Python module
module_v3
Module implementation using eager tensors.
Embedding
class max.nn.module_v3.Embedding(vocab_size, *, dim=None, dims=None)
A vector embedding.
An embedding can be thought of as a lookup table for vectors by index. Given an input tensor of indices into the embedding, the result of the embedding lookup is a tensor of the same shape, but with each index replaced by the value of the vector in that location in the embedding table.
The common case for embeddings is a 1-dimensional embedding:
from max.dtype import DType
from max.experimental.tensor import Tensor
from max.nn.module_v3 import Embedding
embedding = Embedding(vocab_size=1000, dim=128)
tokens = Tensor.ones([10], dtype=DType.uint64)
embedded = embedding(tokens)
assert embedded.shape == [10, 128]
However they just as easily support multi-dimensional embeddings:
from max.dtype import DType
from max.experimental.tensor import Tensor
from max.nn.module_v3 import Embedding
embedding = Embedding(vocab_size=1000, dims=[16, 128])
tokens = Tensor.ones([10], dtype=DType.uint64)
embedded = embedding(tokens)
assert embedded.shape == [10, 16, 128]
Creates a randomly initialized embedding of the specified size.
-
Parameters:
-
- vocab_size (DimLike) – The number of elements in the lookup table.

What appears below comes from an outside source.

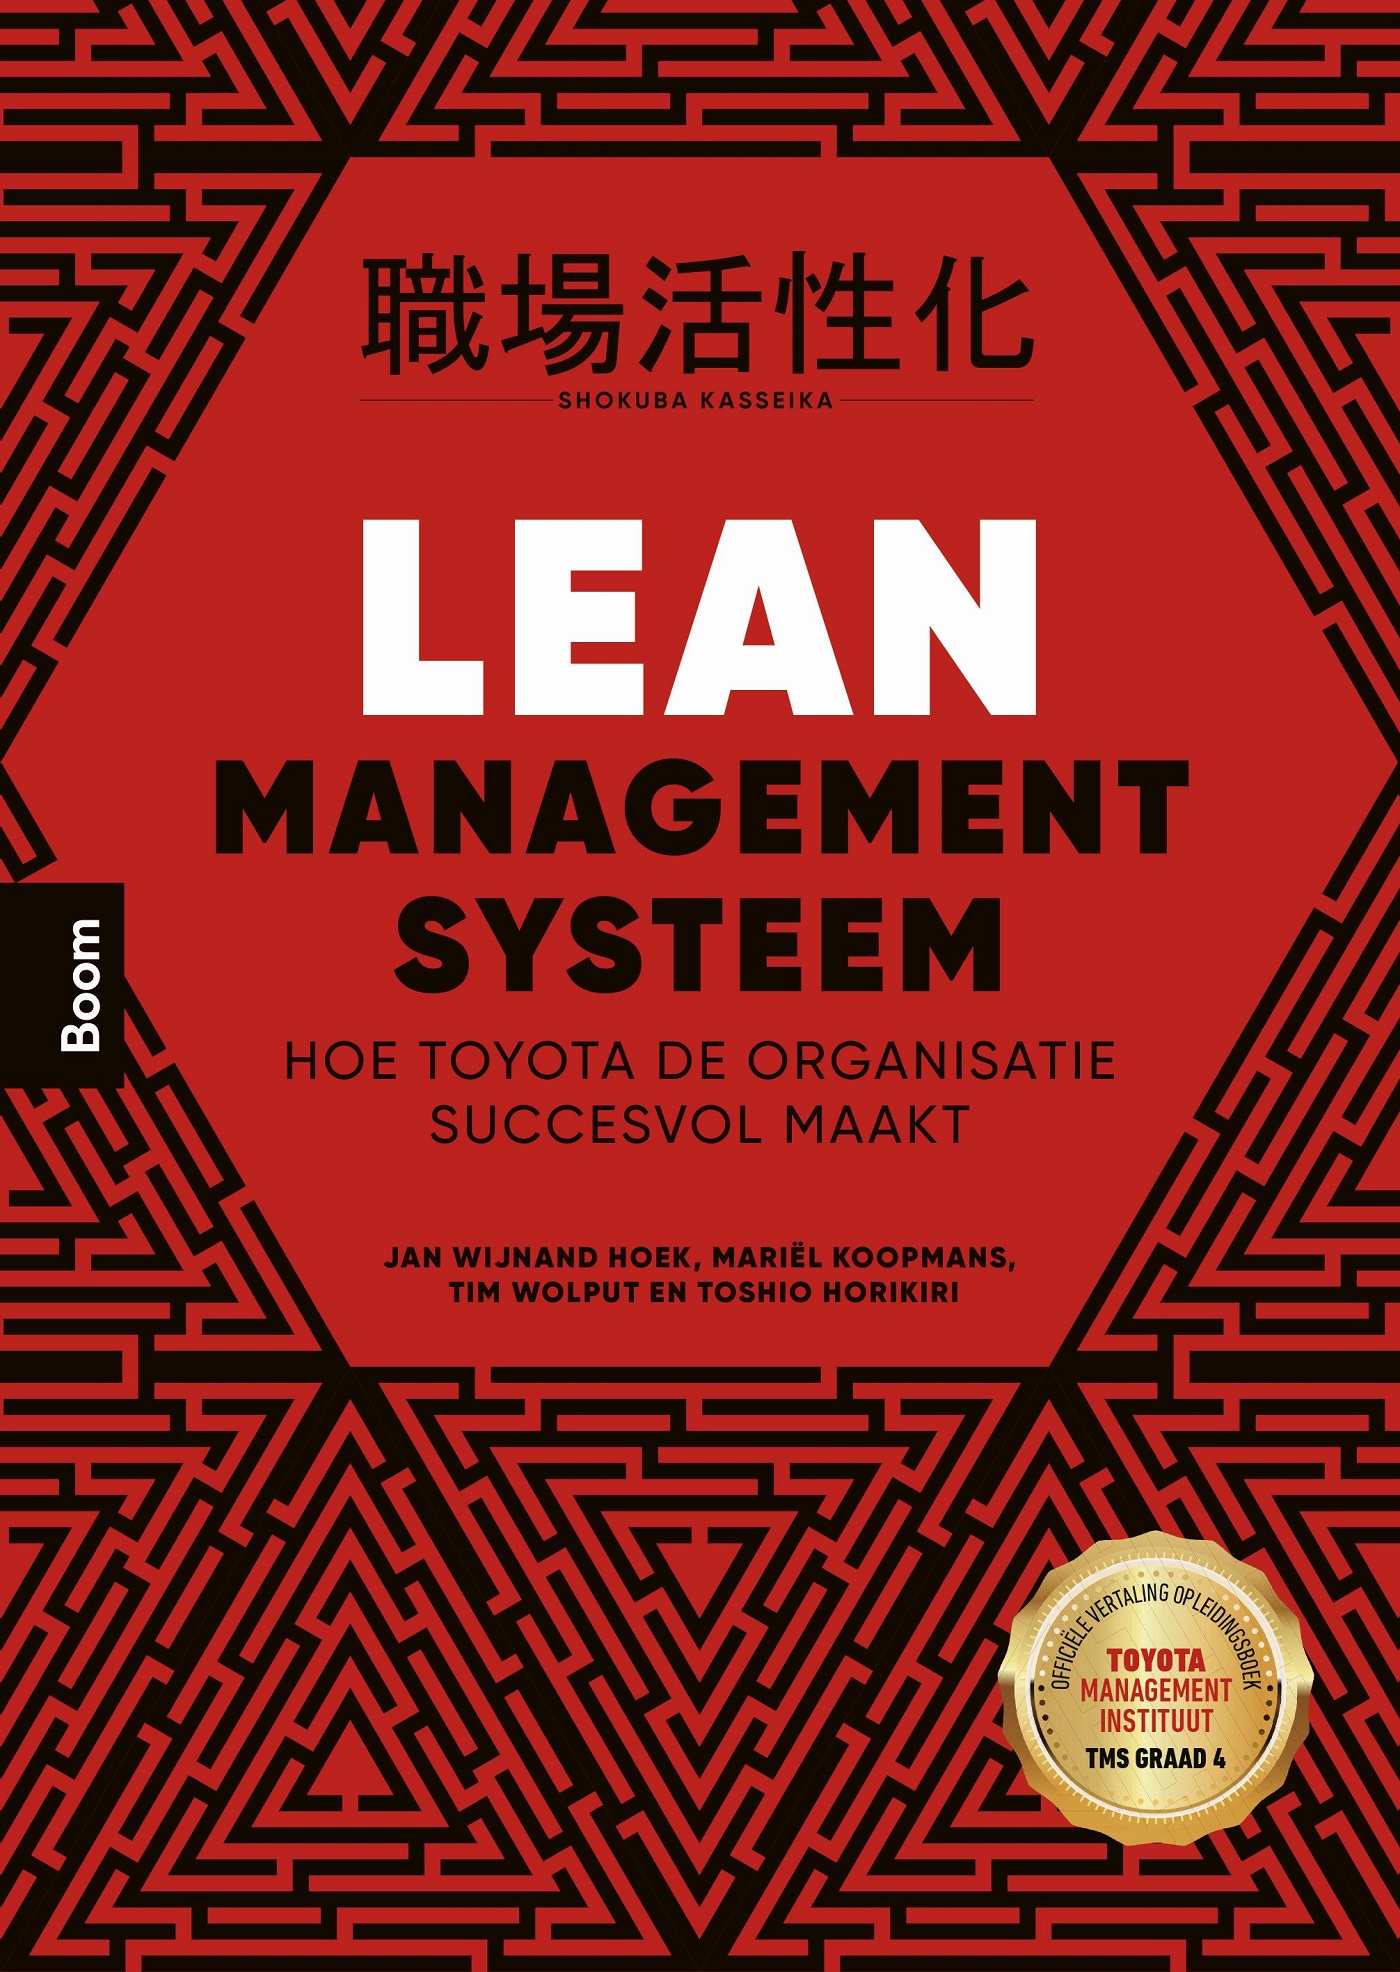 Lean Management Systeem (Ebook)
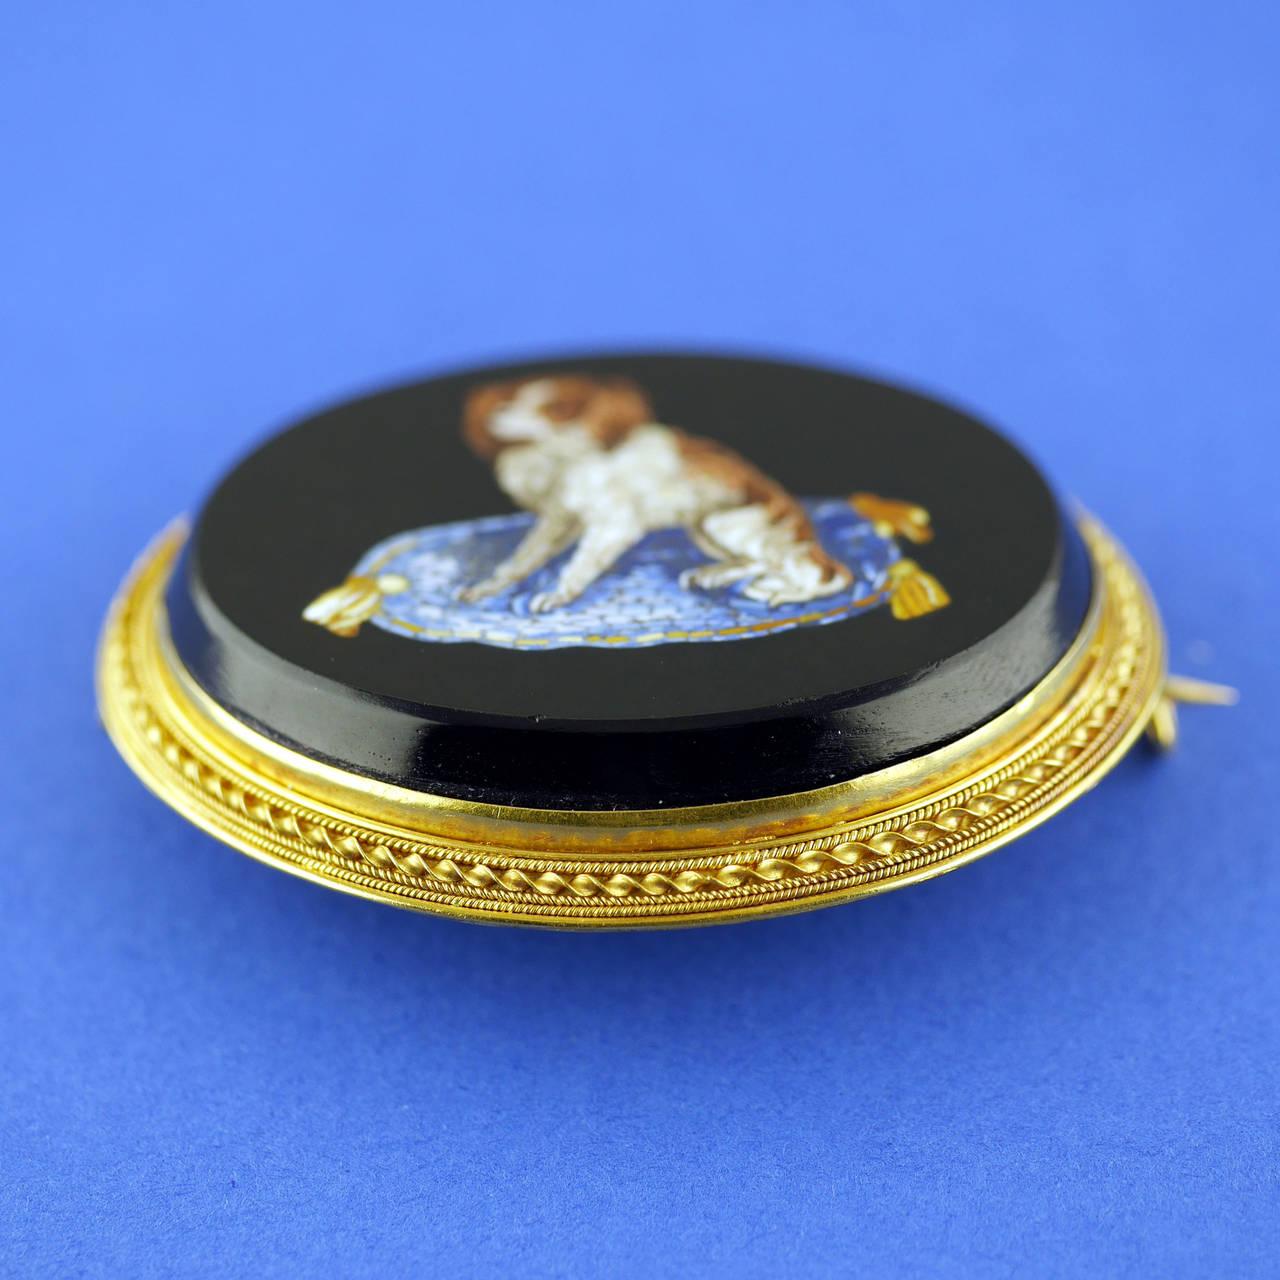 Victorian King Charles Spaniel Dog Micromosaic Brooch, circa 1870 In Excellent Condition For Sale In London, GB

Indices outside the range of [0, index_size) are illegal in the resulting embedding operation.
- dim (DimLike | None) – The embedding dimension if there is exactly one. Equivalent to dims=[dim].
- dims (ShapeLike | None) – For specifying multi-dimensional embeddings. The shape of the vectors in the embedding.
dim
property dim: Dim
The dimension of the vectors in the embedding (for a 1d embedding).
Raises: For 0- or >1-dimensional embeddings.
dims
The dimensions of the vectors in the embedding.
vocab_size
property vocab_size: Dim
The vocab size of the embedding.
Indices outside the range of [0, index_size) are illegal.
weight
weight: Tensor
Linear
class max.nn.module_v3.Linear(in_dim, out_dim, *, bias=True)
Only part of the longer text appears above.